- Location of Waco, Missouri
- Coordinates: 37°14′49″N 94°36′01″W﻿ / ﻿37.24694°N 94.60028°W
- Country: United States
- State: Missouri
- County: Jasper

Area
- • Total: 0.25 sq mi (0.66 km^{2})
- • Land: 0.25 sq mi (0.66 km^{2})
- • Water: 0 sq mi (0.00 km^{2})
- Elevation: 902 ft (275 m)

Population (2020)
- • Total: 72
- • Density: 280.6/sq mi (108.35/km^{2})
- Time zone: UTC-6 (Central (CST))
- • Summer (DST): UTC-5 (CDT)
- ZIP code: 64869
- Area code: 417
- FIPS code: 29-76444
- GNIS feature ID: 2397158

= Waco, Missouri =

Waco (/ˈweɪkoʊ/ WAY-koh) is a city in Jasper County, Missouri, United States. The population was 72 at the 2020 census. It is part of the Joplin, Missouri Metropolitan Statistical Area.

==History==
Waco was laid out in 1875. The city's name most likely is a transfer from Waco, Texas. A post office called Waco has been in operation since 1878. This post office has been closed since the early 2000s.

==Geography==

According to the United States Census Bureau, the city has a total area of 0.26 sqmi, all land.

==Demographics==

Historical population
| Census | Pop. | Note | %± |
| 1920 | 368 |  | — |
| 1930 | 289 |  | −21.5% |
| 1940 | 237 |  | −18.0% |
| 1950 | 177 |  | −25.3% |
| 1960 | 143 |  | −19.2% |
| 1970 | 108 |  | −24.5% |
| 1980 | 129 |  | 19.4% |
| 1990 | 86 |  | −33.3% |
| 2000 | 86 |  | 0.0% |
| 2010 | 87 |  | 1.2% |
| 2020 | 72 |  | −17.2% |
U.S. Decennial Census

===2010 census===
As of the census of 2010, there were 87 people, 34 households, and 24 families living in the city. The population density was 334.6 PD/sqmi. There were 41 housing units at an average density of 157.7 /sqmi. The racial makeup of the city was 92.0% White and 8.0% from two or more races.

There were 34 households, of which 35.3% had children under the age of 18 living with them, 64.7% were married couples living together, 5.9% had a female householder with no husband present, and 29.4% were non-families. 20.6% of all households were made up of individuals, and 11.8% had someone living alone who was 65 years of age or older. The average household size was 2.56 and the average family size was 3.08.

The median age in the city was 46.8 years. 26.4% of residents were under the age of 18; 2.2% were between the ages of 18 and 24; 18.3% were from 25 to 44; 36.7% were from 45 to 64; and 16.1% were 65 years of age or older. The gender makeup of the city was 56.3% male and 43.7% female.

===2000 census===
As of the census of 2000, there were 86 people, 37 households, and 27 families living in the town. The population density was 336.0 PD/sqmi. There were 41 housing units at an average density of 160.2 /sqmi. The racial makeup of the town was 98.84% White and 1.16% Native American.

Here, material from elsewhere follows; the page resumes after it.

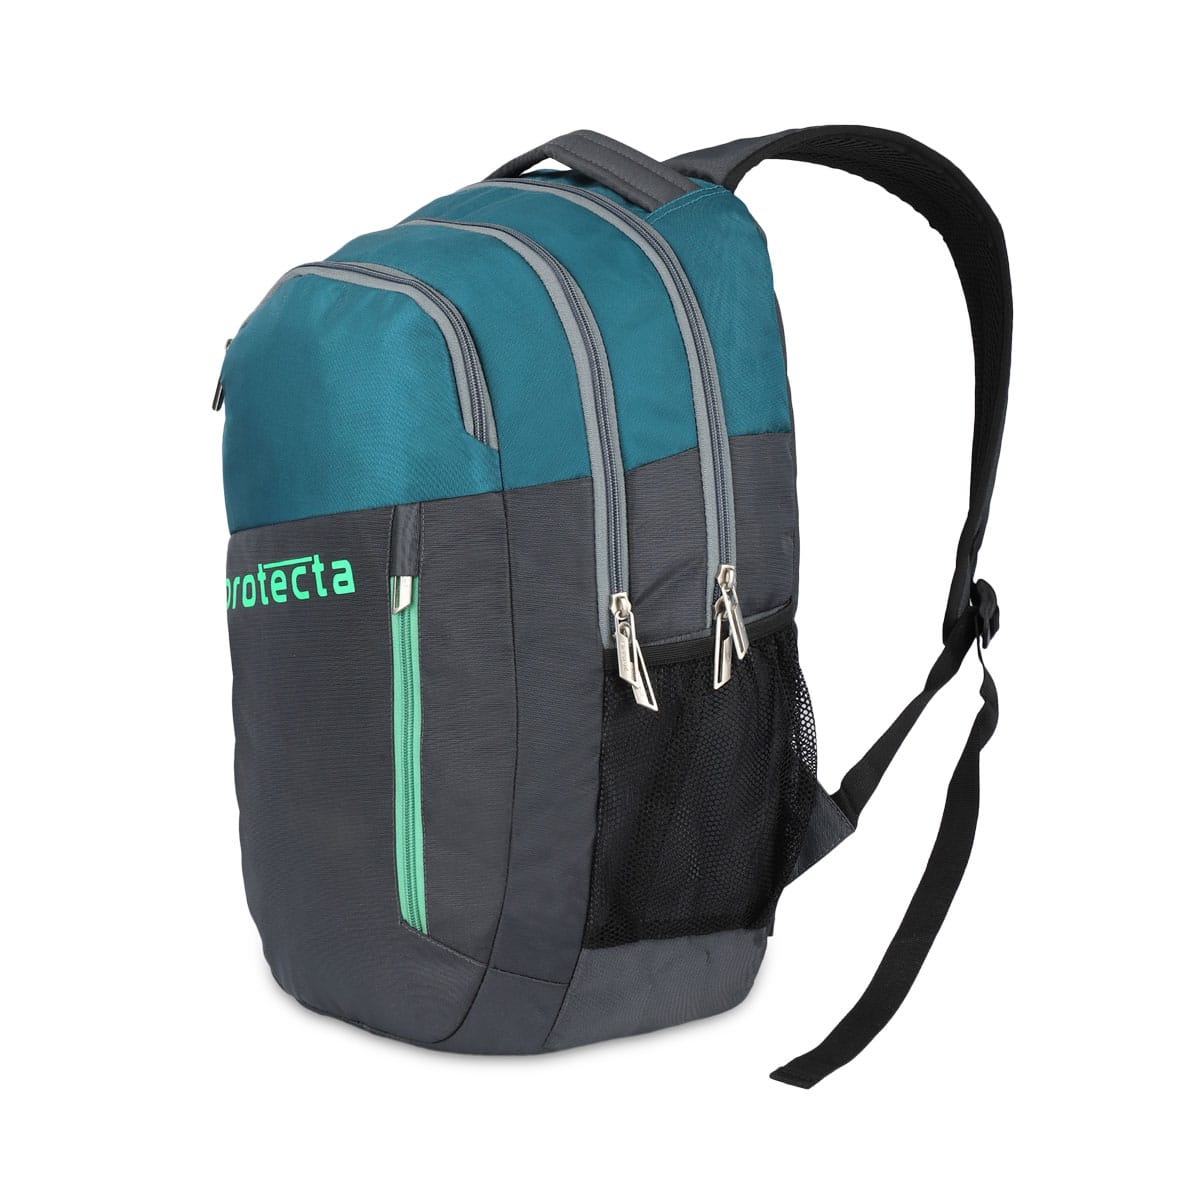 Grey-Astral| Protecta Twister Laptop Backpack-Main

There were 37 households, out of which 29.7% had children under the age of 18 living with them, 59.5% were married couples living together, 13.5% had a female householder with no husband present, and 27.0% were non-families. 24.3% of all households were made up of individuals, and 8.1% had someone living alone who was 65 years of age or older. The average household size was 2.32 and the average family size was 2.78.

In the town the population was spread out, with 22.1% under the age of 18, 10.5% from 18 to 24, 27.9% from 25 to 44, 26.7% from 45 to 64, and 12.8% who were 65 years of age or older. The median age was 40 years. For every 100 females, there were 100.0 males. For every 100 females age 18 and over, there were 103.0 males.

The median income for a household in the town was $31,250, and the median income for a family was $34,375. Males had a median income of $27,500 versus $19,583 for females. The per capita income for the town was $13,071. There were 3.4% of families and 7.3% of the population living below the poverty line, including no under eighteens and none of those over 64.

==Education==
The school district is Carl Junction R-I School District.